Video: Splashing tetras laying their eggs in the Paludarium!


Why are they called “splashing tetras”? You’re about to find out in this post 🙂



Copella Arnoldi: Meet the splashing tetra!”

The splashing tetra is a fish that was sick of other fish eating their eggs. So they thought of a very smart thing to keep the other fish from eating their eggs: They lay their eggs ABOVE water, not in it!

Easier said than done… It requires them to jump out of the water, lay the eggs on surfaces above water, fertilize the eggs and then manage somehow to keep them wet until they hatch… And the splashing tetra did all of that.


How they lay their eggs

So how do they do all of this magic? As the female is getting thicker and thicker, it becomes clear she is producing eggs. The males start courting her, and at some point they form a couple.

The male now starts “test jumping” to several objects, mostly leaves growing above the water surface. They can jump up to 10cm:

Splashing tetra male jumping out of the water to test out places to have their babies hatch

Splashing tetra male jumping out of the water to test out places to have their babies hatch

After a spot has been determined, both male and female line up just under the water surface. By gently “buzzing” their bodies they communicate with each other and synchronize the jump they’re about to make:

Getting ready to jump... They must jump together and this requires a very exact timing.

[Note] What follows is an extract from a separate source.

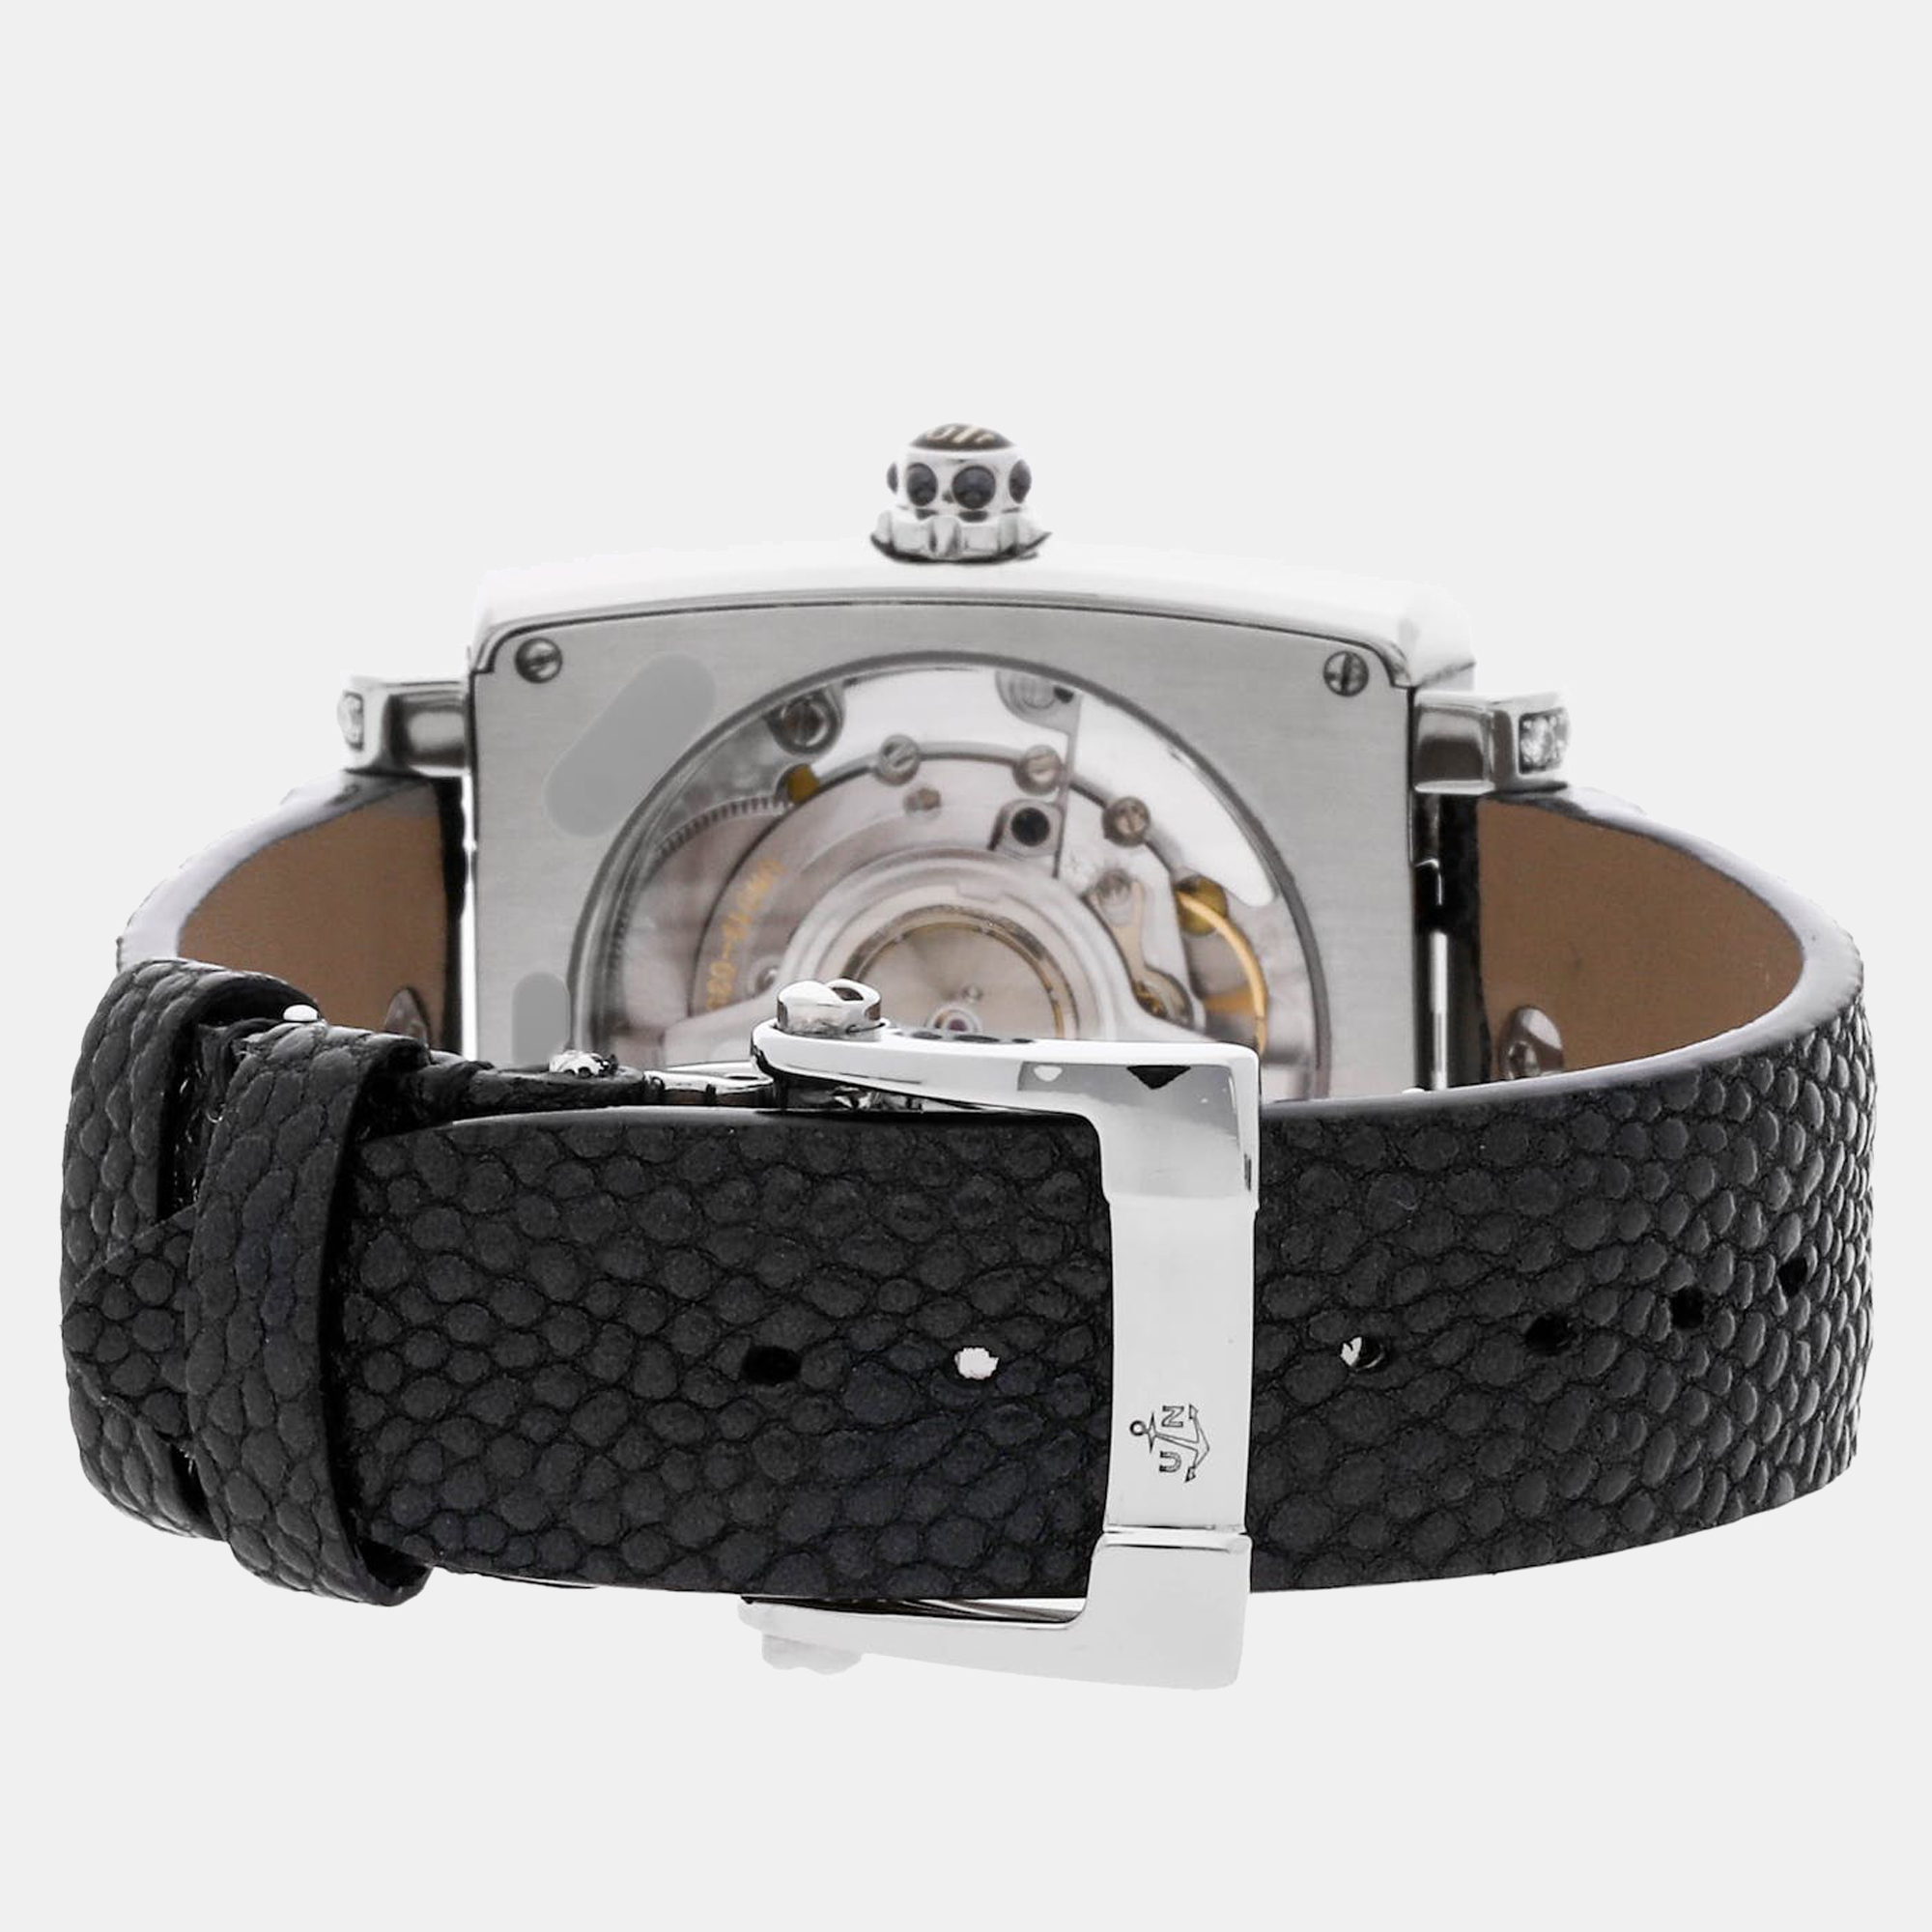 Ulysse Nardin Black Diamond Stainless Steel Caprice 133-91C/06-02 Automatic Women's Wristwatch 34 Mm

Getting ready to jump… They must jump together and this requires a very exact timing.

Then they’re off! They both jump out of the water, and this picture clearly shows how well synchronized they are when they do:

Both male and female splashing tetras jumping synchronously out of the water to lay their eggs.

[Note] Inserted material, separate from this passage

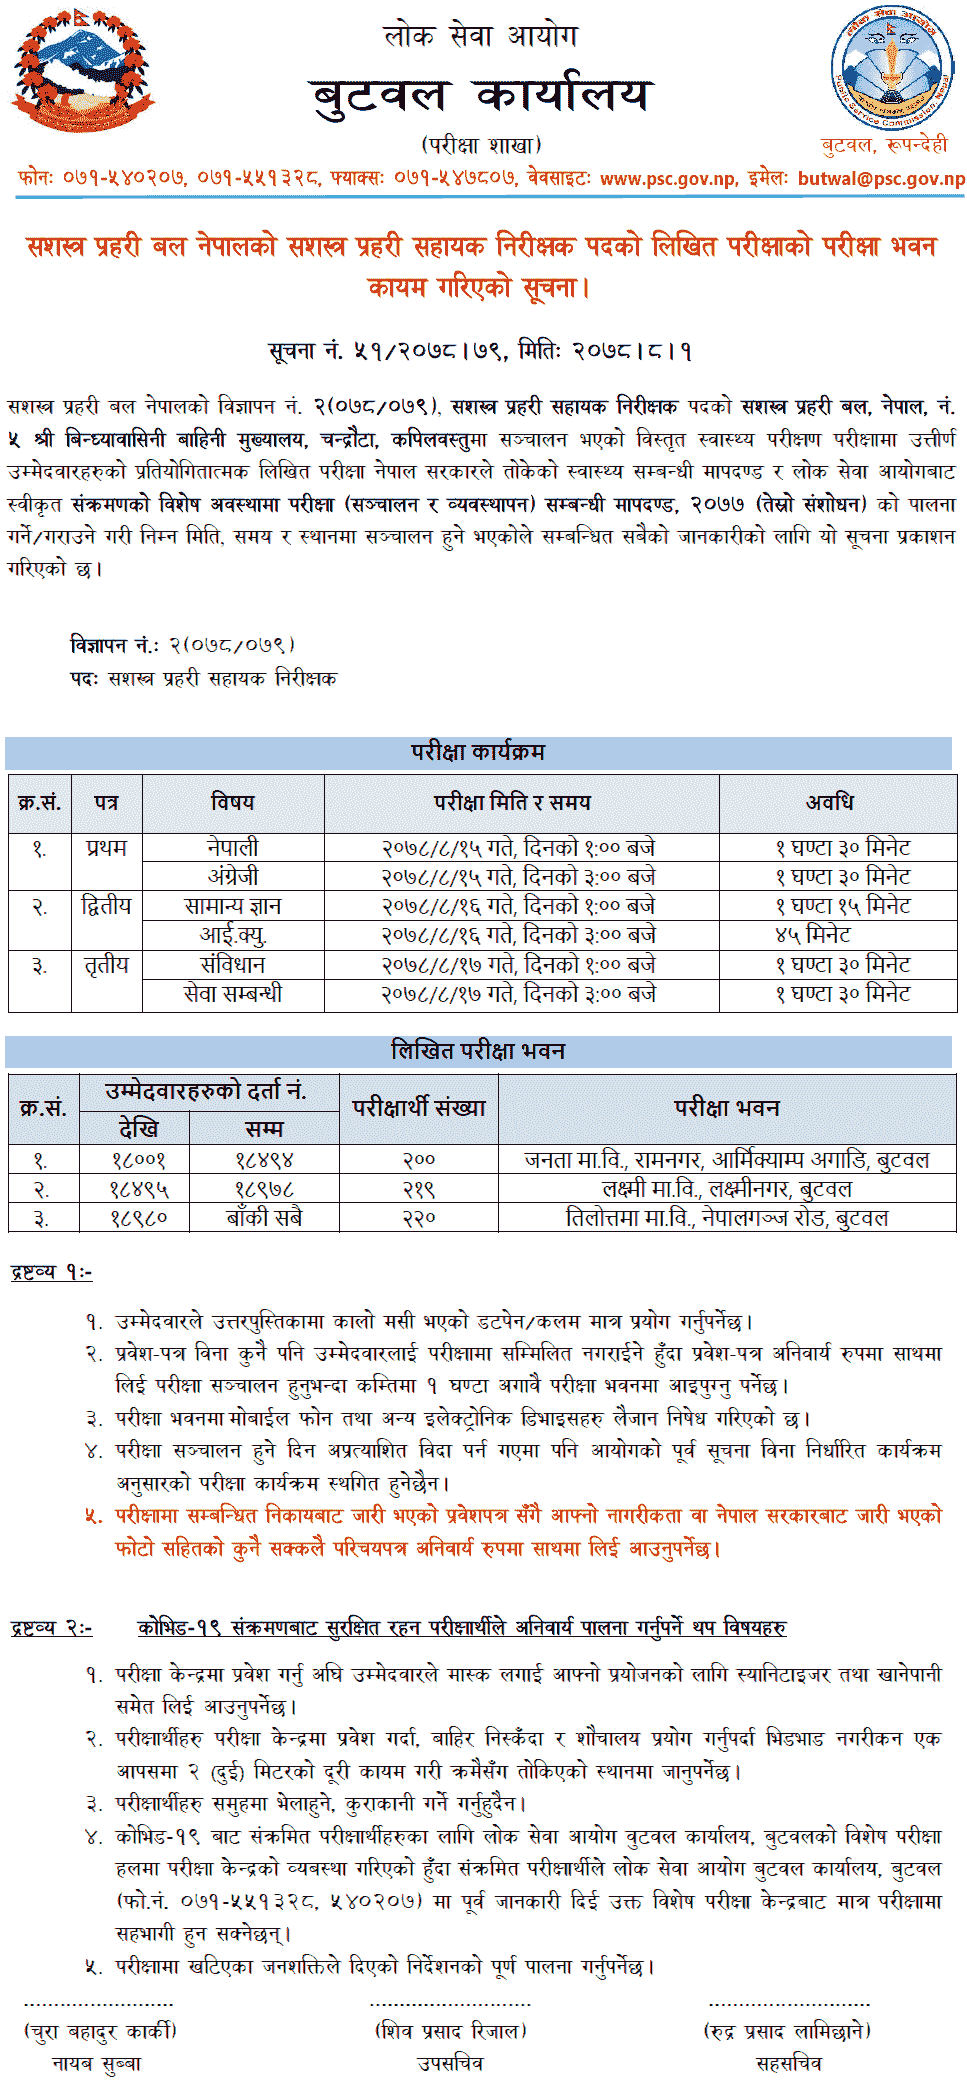 APF Nepal ASI Post Written Exam Center Butwal

Both male and female splashing tetras jumping synchronously out of the water to lay their eggs.

When they hit the surface where they’ll be laying their eggs, they will stick to that surface for a second. The female lays her eggs while the male will fertilize them:

Splashing tetra male and female sticking to a leave above water to lay and fertilize their eggs.

Splashing tetra male and female sticking to a leave above water to lay and fertilize their eggs.

After they have laid some eggs, they’ll fall back into the water:

Male and female splashing tetras falling back into the water after laying egss on a leave above the surface.

Male and female splashing tetras falling back into the water after laying egss on a leave above the surface.

They will now repeat this until they have laid between 50 and 100 eggs.


New babies about to be born!

Now this is where the splashing tetras get their names from. The eggs that were laid above water need to be kept wet. This is why the male splashing tetra will stay with the eggs, and splash them with his tail every few minutes! They have an amazing aim in doing this. I was lucky as the tetras at some point laid eggs on the side window: The next video shows both the splashing, the eggs up REALLY close (each eggs is only 0,2 mm in diameter!) and the eggs getting splashed:

Some longer closeup video of the actual eggs:

After three to four days the eggs hatch. The baby fish start their lives with an 8cm daredevil drop into the water! That is like base jumping without a parachute considering they are only 0.3mm in length. When you’d compare that to a human, it would mean that a new born baby would drop about 145 meters then hit the water 😛

Once the babies have hatched, they are very small fish that hide between leaves and roots of water plants:

Baby of a splashing tetra

Baby of a splashing tetra

And in real closeup:

Closeup of a splashing tetra (Copella Arnoldi). These fish are only about 0,3mm long right after they hatch!

Closeup of a splashing tetra (Copella Arnoldi). These fish are only about 0,3mm long right after they hatch!